I drop my forehead on her shoulder and pinch my eyes shut. Her fingers come up around my neck, and she tugs a little on my hair.

“Let’s go somewhere.”

“Right now?” I muffle in her shirt.

She nods. “Neutral territory, I promise.”

It sucks that she has to add that. I wish I could just worry about sneaking out of my house. Nah, I gotta worry about sneaking around
everything
.

“Okay,” I say, standing straight. “Neutral territory.”

I grab the extra set of house keys, and we sneak out my front door. We speed-walk to her car, and I lay the seat all the way back when I get in.

Sam finds my hand as she takes us to…I have no clue. She talks about how Josh skinned his knee and how he can’t wait to show it to me. Apparently Sam didn’t play the cool scar card when he told her about it.
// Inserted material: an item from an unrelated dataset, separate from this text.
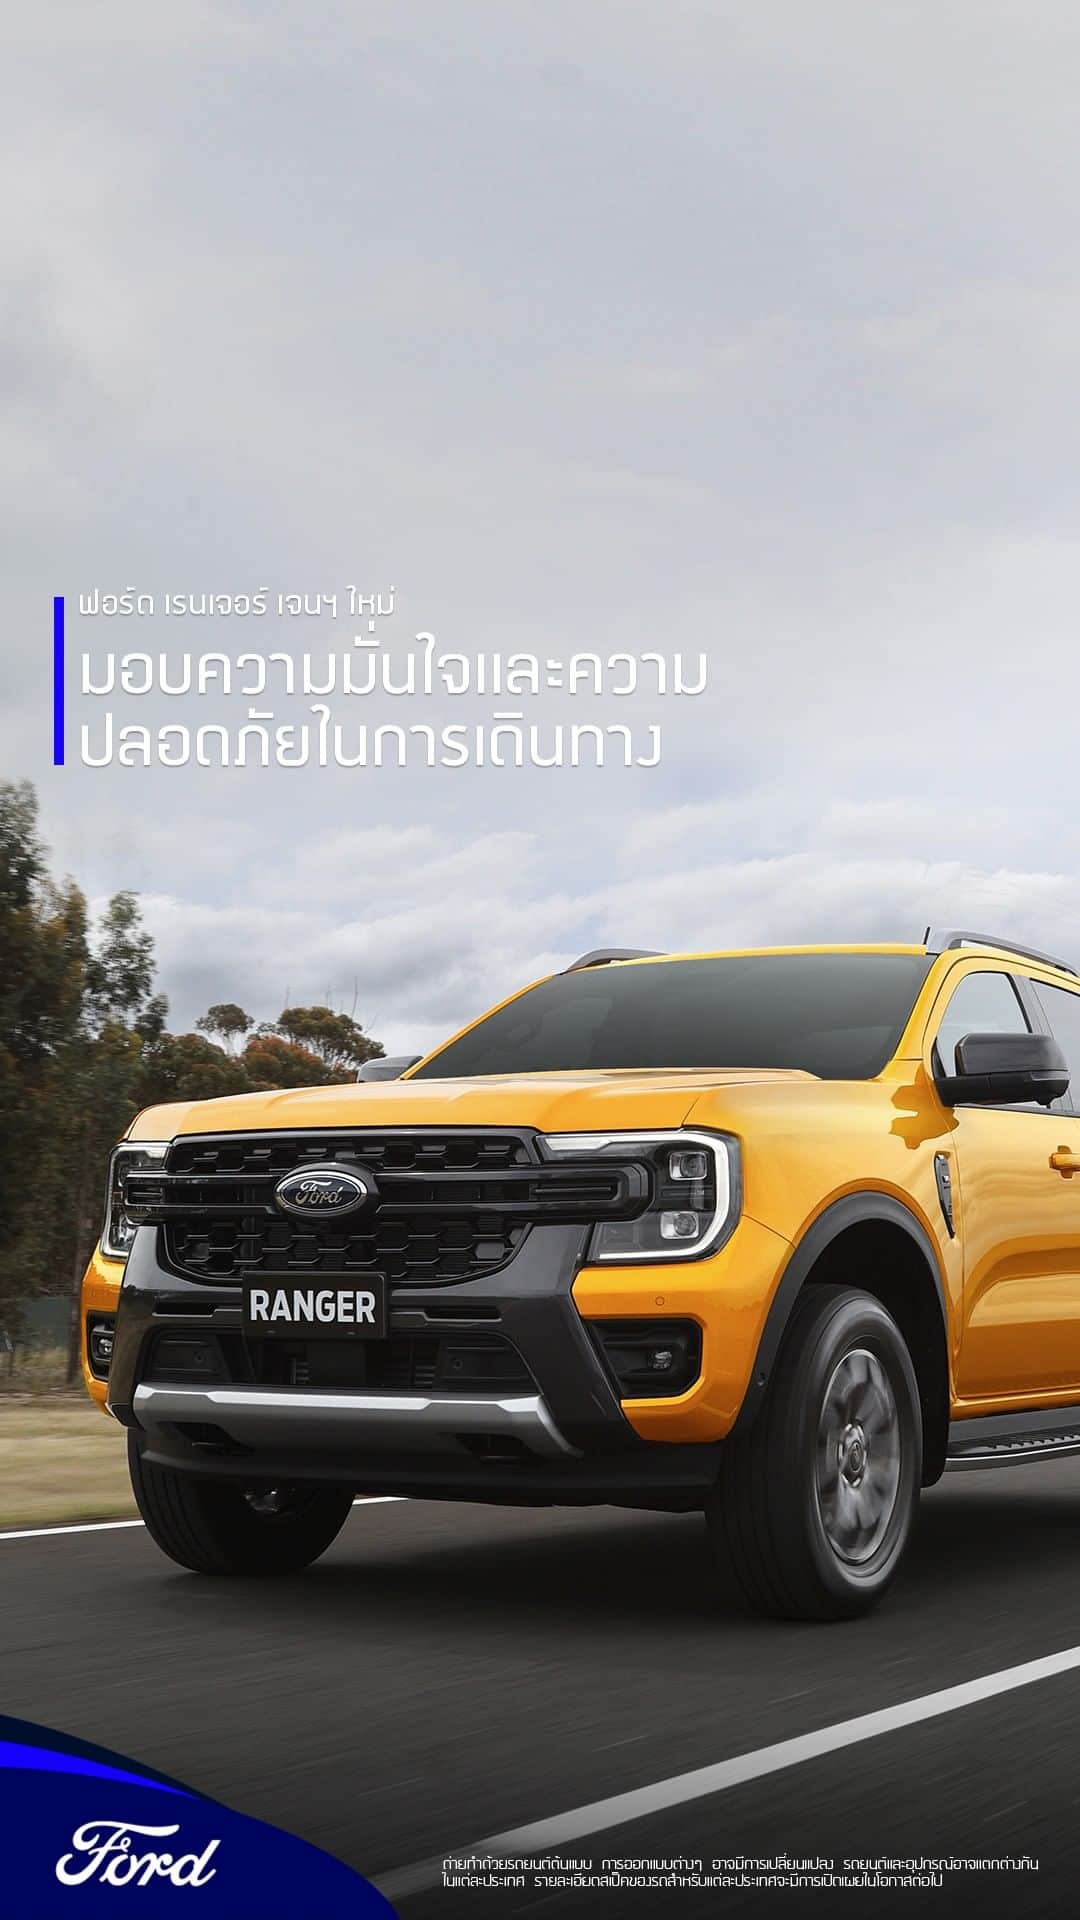 Ford Thailandのインスタグラム：「ความปลอดภัยคือสิ่งสำคัญเสมอ ไม่ว่าคุณจะใช้รถเพื่อการทำงาน ใช้เป็นรถครอบครัว หรือใช้เดินทางท่องเที่ยว #NextGenRanger มอบเทคโนโลยีความปลอดภัยล่าสุดในการป้องกันการเกิดเหตุ และปกป้องผู้โดยสารภายในรถ เพิ่มความมั่นใจให้กับคุณทุกครั้งที่อยู่บนถนน」

A smile twitches on my lips, and it shouldn’t feel weird that it’s there, but it does.

Her foot taps the brake, and she lets go of my hand to put the car in park. I adjust the seat as she reaches behind me and grabs a football.

“Help me with my spiral?” she asks with a grin. I lean in and peck her once on the lips because she gets it. Gets
me
. Football solves everything, even when it’s part of the problem.

“Your spiral is perfect.”

“Then we’ll work on yours.”

“Ouch. You’re as bad as your brother.”

“Calling ‘em like I see ‘em, Koontz.” She gives me another quick peck before unbuckling and jumping out to the field. There’s a slight wind, and the air is chilly, but after a few throws, I’m sure we’ll be fine.

Her first pass is perfect. Right to my chest from twenty yards away. I jog around and toss back, making her chase it a little. She’s good though. Catches it and does a touchdown dance. I laugh, letting the sound take off in the wind and be as loud as it wants to be.